My first sign that this may not be as good as I had hoped was the aroma. While Barley Wines are loaded with both malt and hops, which should make for one of the most pleasantly aromatic brews out there, Sprecher had a very chemically smell to it, which was an instant turn-off. Some sweet sugary maltiness and mild frutiness is definitely noticeable, but there is far too much of that yeasty, high alcohol aroma that should be tempered in a fine brew. No trace of hops in the initial whiffs, which disappointed Sir Nigel.

The taste is far less offensive than the odor, though it could be better. Again, there is too much of that yeasty, bread-like flavor, and the alcohol is far too detectable (while it is 9.7% abv, a fine Barley Wine should cover that up). Nigel will chalk this up to the fact that this could- and likely should- be cellared longer, which would allow it to mellow with age. Heavy amounts of both caramel and pale malt are most noticeable, with a nice hop addition that adds some bitterness to the overall sweetness. Definitely on the sweeter end of the spectrum when it comes to Barley Wines, Sprecher has strong hints of caramel, molasses, and toffee, with fruity undertones of banana and pear. As a full-bodied, syrupy brew, it coats your tongue as it goes down, leaving a strong aftertaste. Clearly this is not a session brew, as no Barley Wine should be, but Nigel did drink his liter... slowly... over the course of an evening (it took me four hours).

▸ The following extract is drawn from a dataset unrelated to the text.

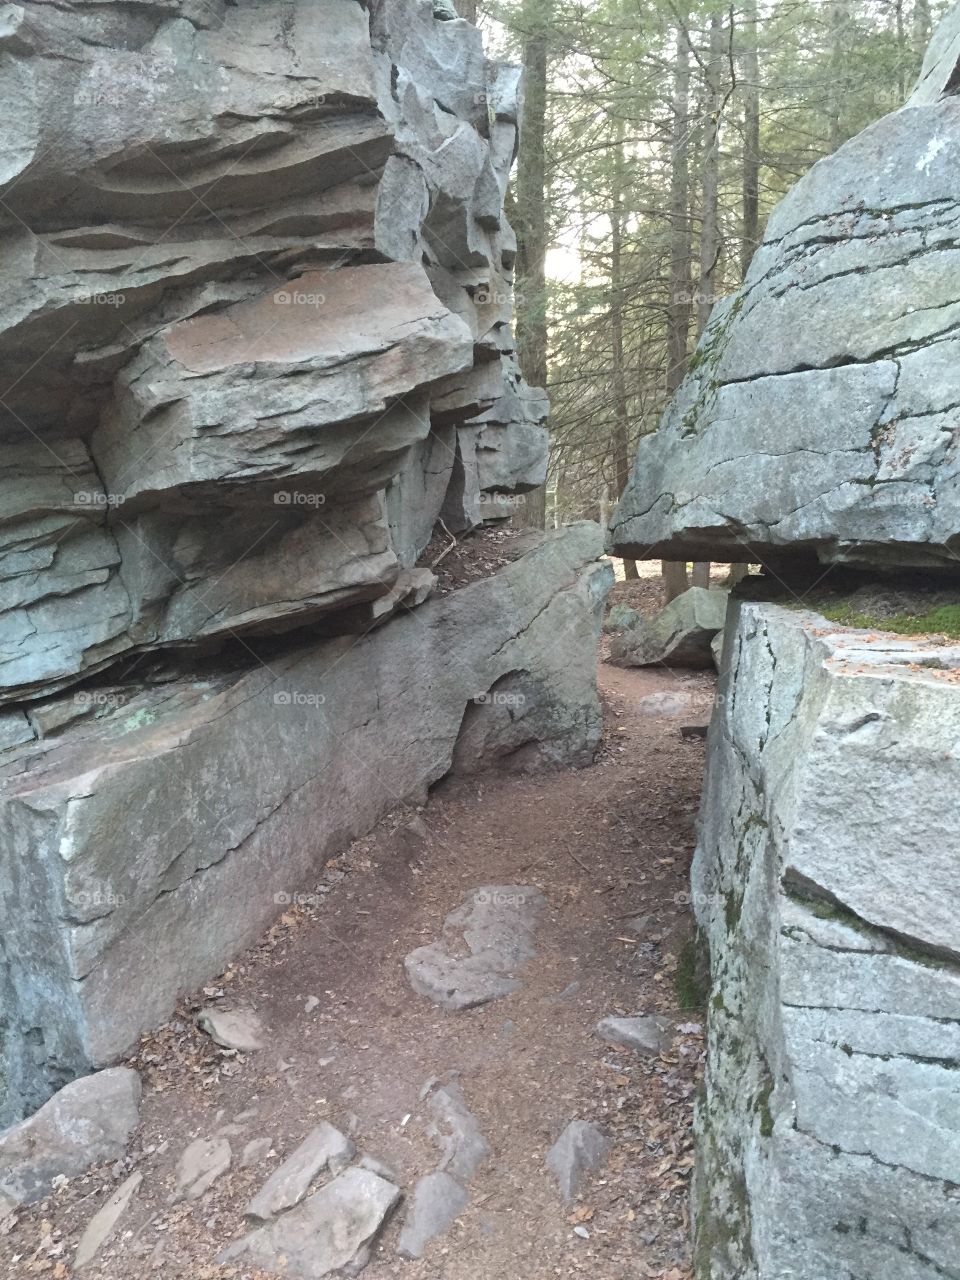 Stoney passage

All in all, I would certainly recommend this brew, but with a couple of warnings. First of all, you had best be willing to shell out some bucks, so I'd suggest getting a second job if you plan on drinking it on a regular basis. Secondly, and most importantly, be patient. If you have access to the proper storage facilities, cellar this for at least a year or two, and try it then. Unlike Bigfoot Ale, which is phenomenal right off store shelves, Sprecher clearly needs time to age, allowing the yeast to continue its duties in the bottle. Find a cool, dark place for storage, and come 2008 or 2009, you'll likely have a pretty damn fine brew. In the meantime, there are plenty of other brews out there to satisfy your cravings, so just relax, Beer Dorks, and have another beer.


Reviewed by Nigel Tanner on May 2, 2007.